Harold Lloyd: got a light?



This has to qualify as the strangest Harold Lloyd movie I've ever seen (and believe me, after spending more than three years writing about his life, I've seen plenty). It's only a minute and a half long, has no sound track (truly a silent film) and no plot to speak of. It's just him n' the chimp.

I don't know why this little gem was made - it looks almost like a screen test for the ape. It's unusual for several reasons: Harold still has an intact right hand (a horrible accident blew half his hand away in 1919), he's shown smoking a cigarette which he never did in real life (explaining his relative awkwardness), and he's in tighter closeup than usual.



This is startling, because it reveals why women loved him so much: the guy was simply gorgeous, with a clean handsome jawline, vigorous head of black hair and slightly bedroomy blue eyes. There was a boyish sweetness about him which never slid into Harry Langdon-esque creepy infantilism. Under the mild exterior he was a tough little scrapper, with a volatile temper that came directly out of his own hot-and-cold personality.

I love this man. I wrote a novel about him called The Glass Character, and I cannot tell you how I ache to see this get into the hands of readers. I want them to know, to feel, to see him as he was, and is. I made a total fool of myself in writing this, and though I think it's the best thing I've ever done, I do wonder if there is something star-crossed about my life, something that just short-circuits success and snatches it out of my hands just as I am about to grab it. If I could figure out why, maybe I could do something about it.

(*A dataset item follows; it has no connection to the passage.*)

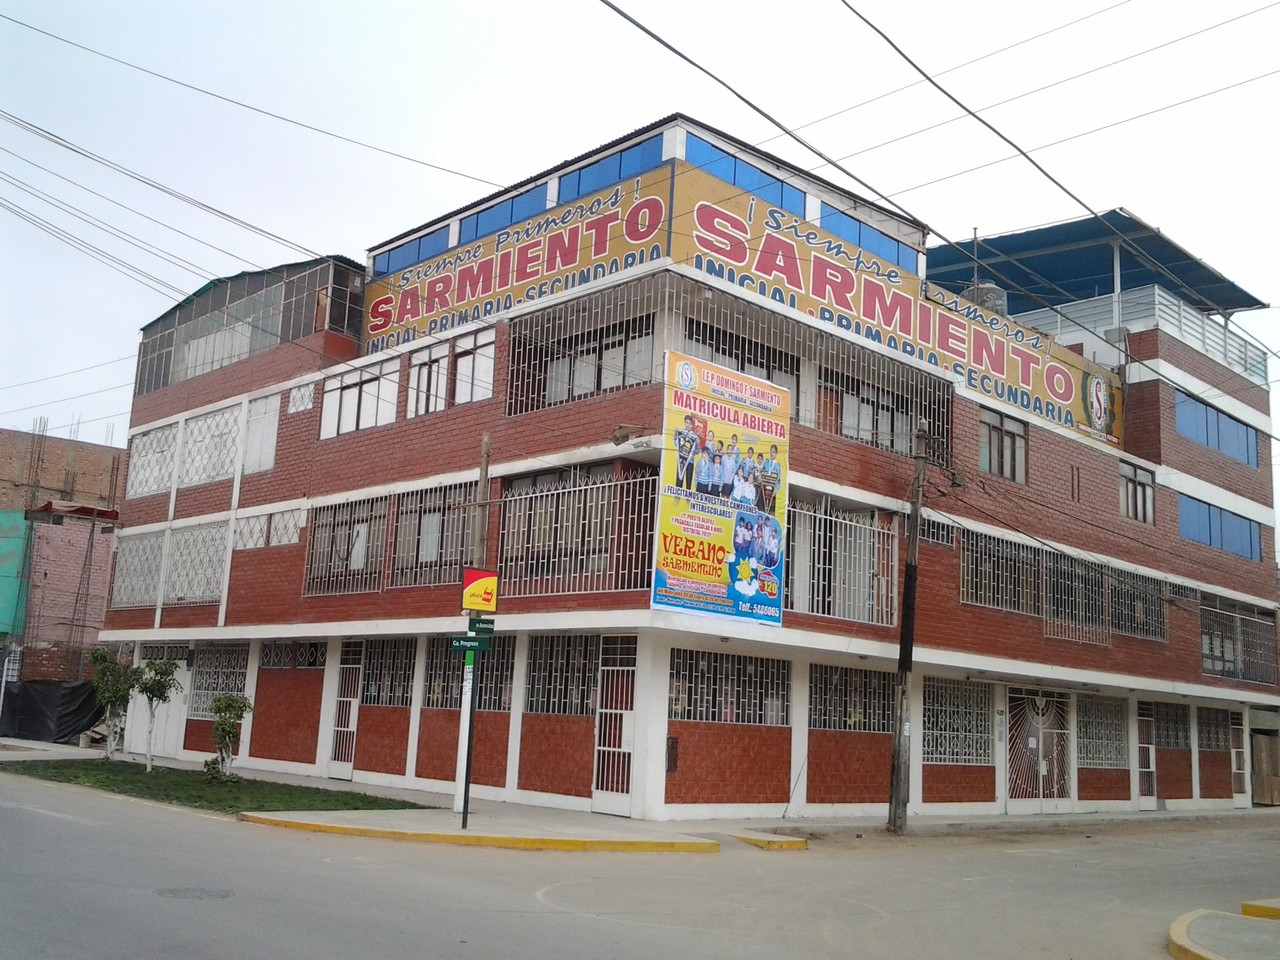 El proyecto Educativo Sarmentino, ubicado en el distrito de Puente Piedra-

Whenever I discover something new about Harold Lloyd, some odd little thing like this minute-and-a-half-long mini-picture, it's as if I am given a tiny glimpse through an aperture or a magic portal. While I was writing The Glass Character, there were days when I felt as if I had stepped right through it. I did not want to come back. I don't know what is going to happen with my novel, and I know I shouldn't care this much, I'm just putting my heart out on the railroad tracks. But there's just something about him. He inspires that sort of feeling. It's spooky, because I realize that he doesn't try for it.



I can't define charisma, any more than I can define charm, but I know when I am in its presence. In this case, mere dying did not end it. It's still there, lightning in a bottle. If you think you know silent comedy, if you've seen Chaplin and Keaton and maybe Harry Langdon or Chester Conklin, you don't know this: there was a man, an extraordinary actor who never planned to be a comedian, who was able to make the most ordinary, hapless guy so compelling that you couldn't stop watching him.

Harold, Harold! I don' t know how I got in so deep. And I am not sure if I want to be saved or not.